Supporters argue that passing an amendment is critical: that by embedding the language into the constitution, North Carolina would be able to successfully block future court decisions that might otherwise allow gays and lesbians to marry. And that’s indeed a needed protection, according to many conservatives who fear extending such legal rights outside the strictures of the traditional man and woman configuration.

“The large majority of North Carolinians believes and stands behind marriage as the union of a man and a woman,” said Bill Brooks of the N.C. Family Policy Council, a group working to pass the constitutional amendment. “The strategy is to put that in the constitution and put it out of reach of the courts — it’s a simple idea to a simple problem.”

But, things aren’t so simple. The amendment would also ban civil unions between same-sex couples and domestic partnerships between couples of the opposite sex in addition to same-sex marriages.

A poll by Public Policy Polling revealed, on the face of it, similar numbers to what the conservative groups are polling: the amendment would pass with 58 percent in favor and 38 percent opposed. But when people realized civil unions would be banned, that support plummeted to 41 percent in favor and 42 percent opposed, with the amendment narrowly being defeated.

“These trends evidence what we see on the ground,” said Liz MacNeil, WNC regional field director for the Coalition to Protect All N.C. Families. “Once North Carolinians understand the harms of Amendment One, including those in Western North Carolina, opposition grows by the day.”


North Carolina stands out in South

Ralph Slaughter, head of the Jackson County Republican Party, supports a constitutional ban on same-sex marriages and civil unions.

“We are the only one of 15 states that does not have this amendment in its state constitution and we need to have it,” Slaughter said.

Missouri in 2004 became the first U.S. state to pass a constitutional amendment against same-sex marriage. This took place on the heels of the Massachusetts Supreme Court ruling that its constitution guaranteed same-sex couples the right to marry. Louisiana became the first Southern state to impose a constitutional ban, followed by Georgia, Kentucky, Mississippi, Arkansas and more.
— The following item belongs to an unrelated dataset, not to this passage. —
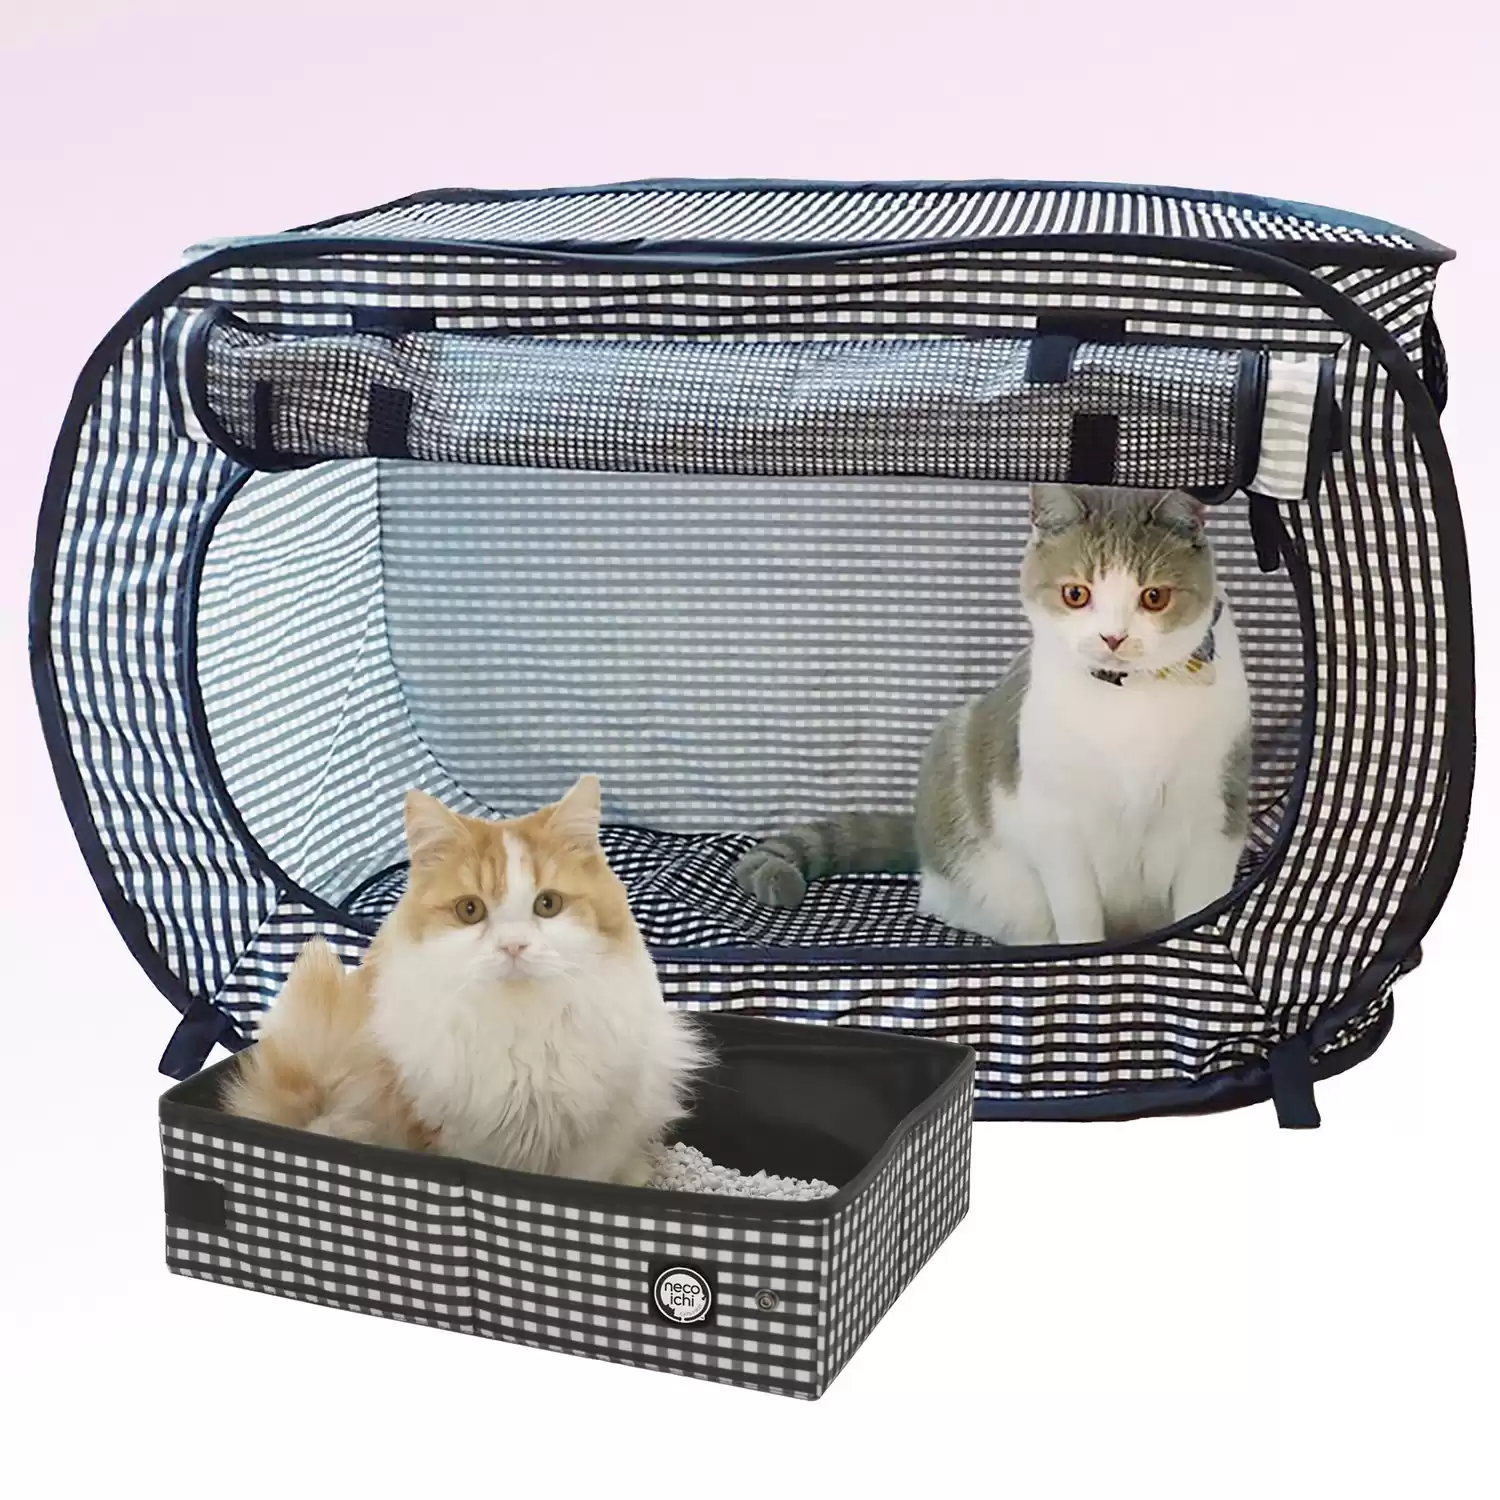 Necoichi Portable Cat Cage & Litter Box

By 2008, all Southern states except North Carolina had such an amendment.

Slaughter said the N.C. Family Policy Council now has leaders in each county, including Jackson, and that the conservative churches are being encouraged to speak out on the issue.

“Though some of the churches have said it is just too political and won’t take signs” to put out supporting the amendment, Slaughter said.

Kirk Callahan, a conservative in Haywood County, said North Carolina voters are facing an array of issues on the May primary, a fact that could prove confusing to those heading to the polls: there are contested races for the 11th Congressional District, the N.C. House 118th District on the GOP side, plus statewide contested primaries for governor and lieutenant governor.  Nationally, there is a GOP presidential primary.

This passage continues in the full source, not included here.